<第2回>ソチ五輪団体戦前に感じた“メディアとの温度差”
【連載】 鈴木明子 スケート人生「キス&クライ」
2014年2月6日。開会式前日の男子ショートプログラムを皮切りに、4日間にわたって行われたフィギュアの団体戦。ソチ五輪から始まったこの新競技で、男女代表選手の最年長だった私はキャプテンに選ばれました。
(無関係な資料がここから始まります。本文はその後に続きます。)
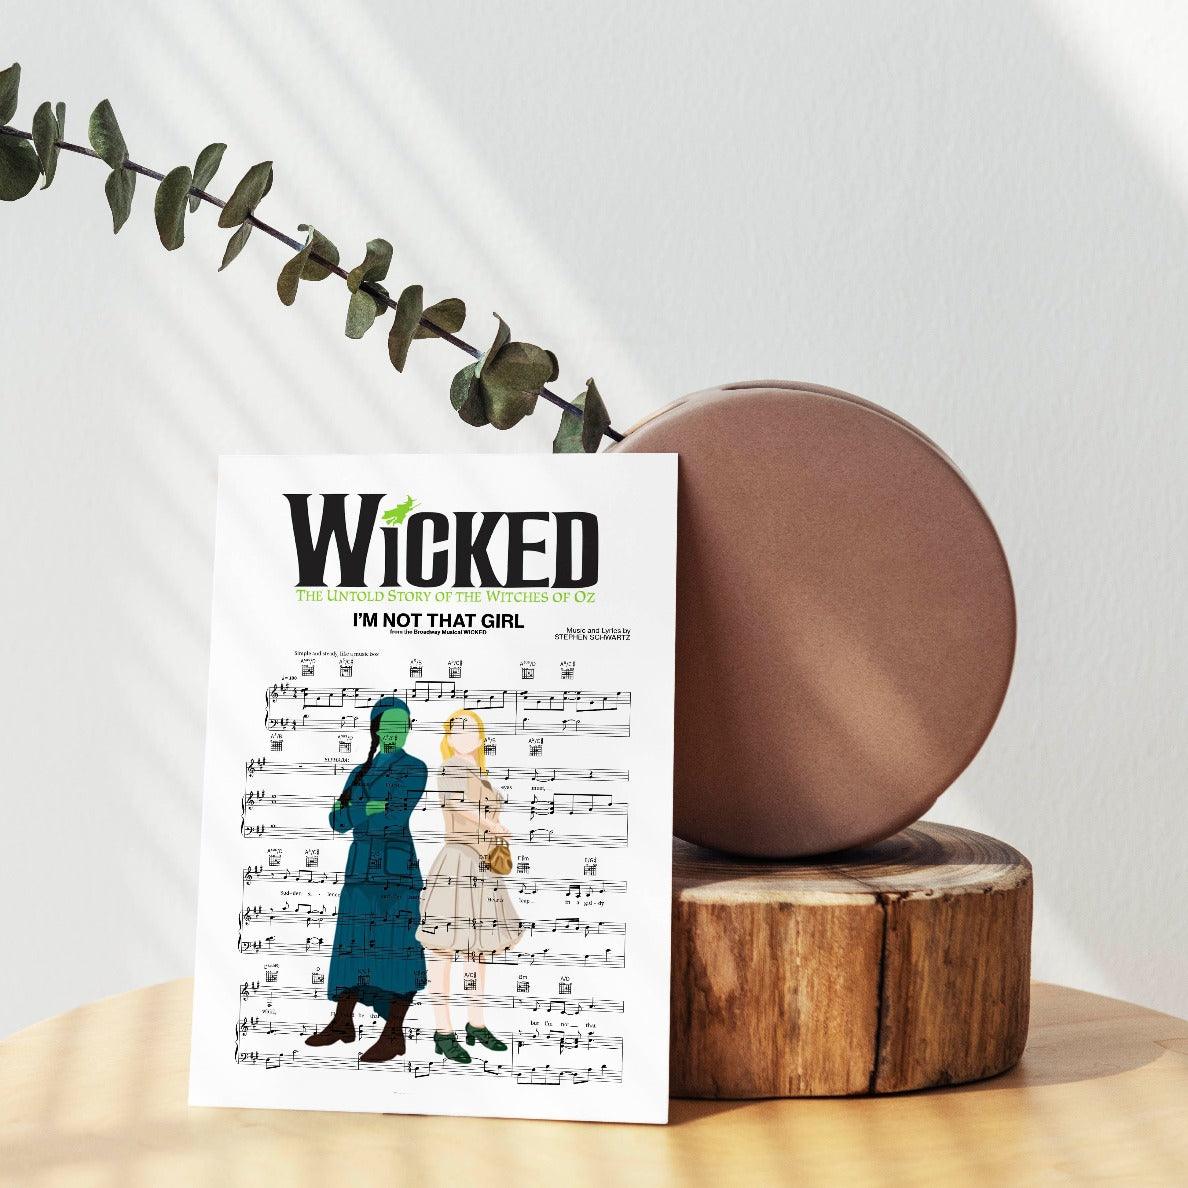 Hey, you! Yeah, you, the one who loves musicals. (Everyone loves musicals, right?) We’ve got just the thing to add some extra pizzazz to your walls. This poster of the song “I’m Not That Girl” from the musical Wicked is perfect for the musical lover in your life. It’s not just a poster, it’s a work of art. The lyrics are hand-crafted into the beautiful design, making it a one-of-a-kind piece for your home.

普段の個人競技とは違い、キャプテンの私はソチ到着後、「応援」のため毎日会場に足を運びました。どの時点でも日本が3位以内に入った場合、チームの主将が会見する必要があったからです。足のケガで自分自身の調整が進まず、最初は戸惑いもありましたが、団体戦という日本の新しいチャレンジに向けてチーム一丸となり、主将として「まずはできることをしていこう」と一つ一つ始めていきました。
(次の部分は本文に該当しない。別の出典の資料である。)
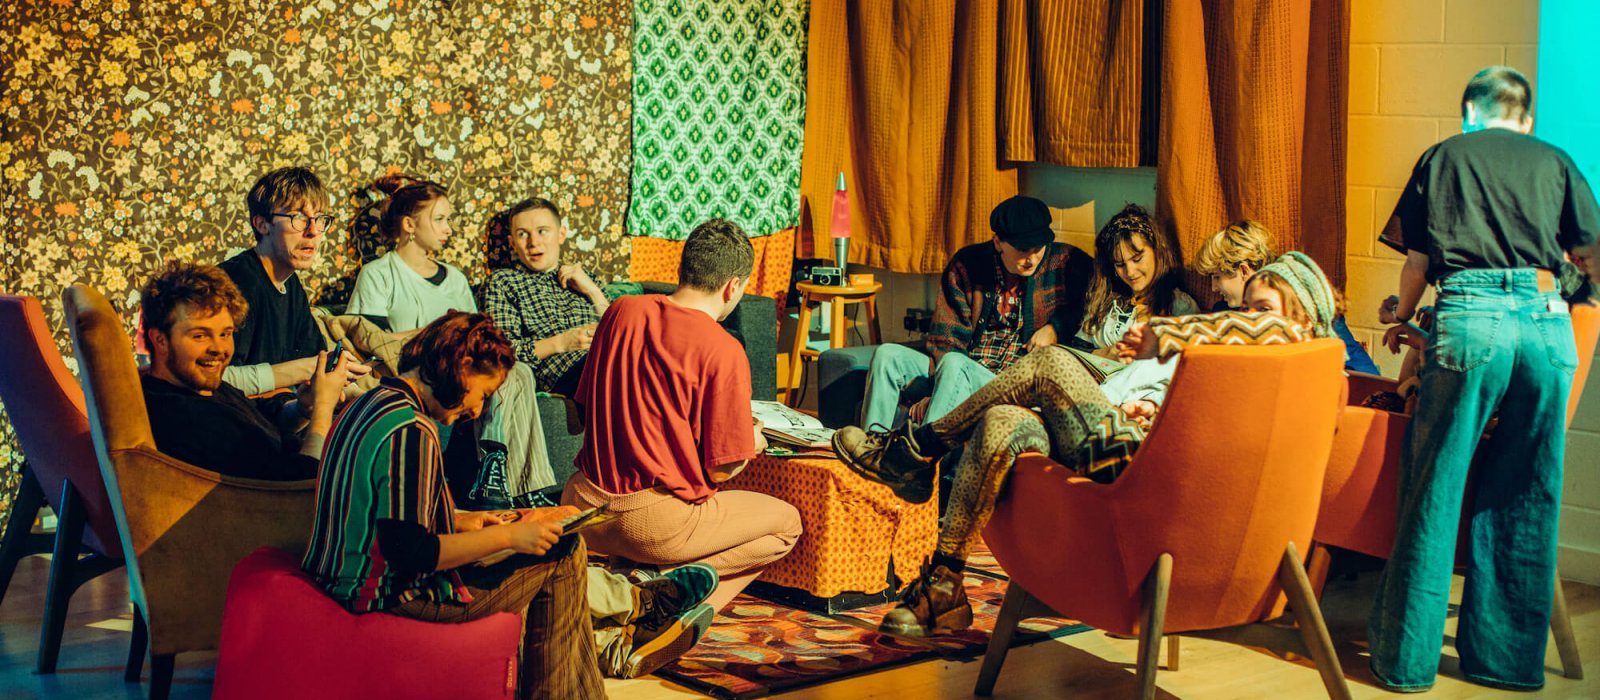 Group of Falmouth students sitting in seventies inspired space with orange curtains

そんな中、日々高まるメダル獲得への周囲の期待を感じずにはいられませんでした。
団体戦はソチ五輪最初の競技。羽生君(結弦=19)や(浅田)真央(23)らフィギュア界のトップが出場するということで、「メダル確実」というファンの方々の期待を感じました。でも、私を含め団体戦に出場する選手たちは、この競技でメダルを取ることは非常に難しいことだと感じていました。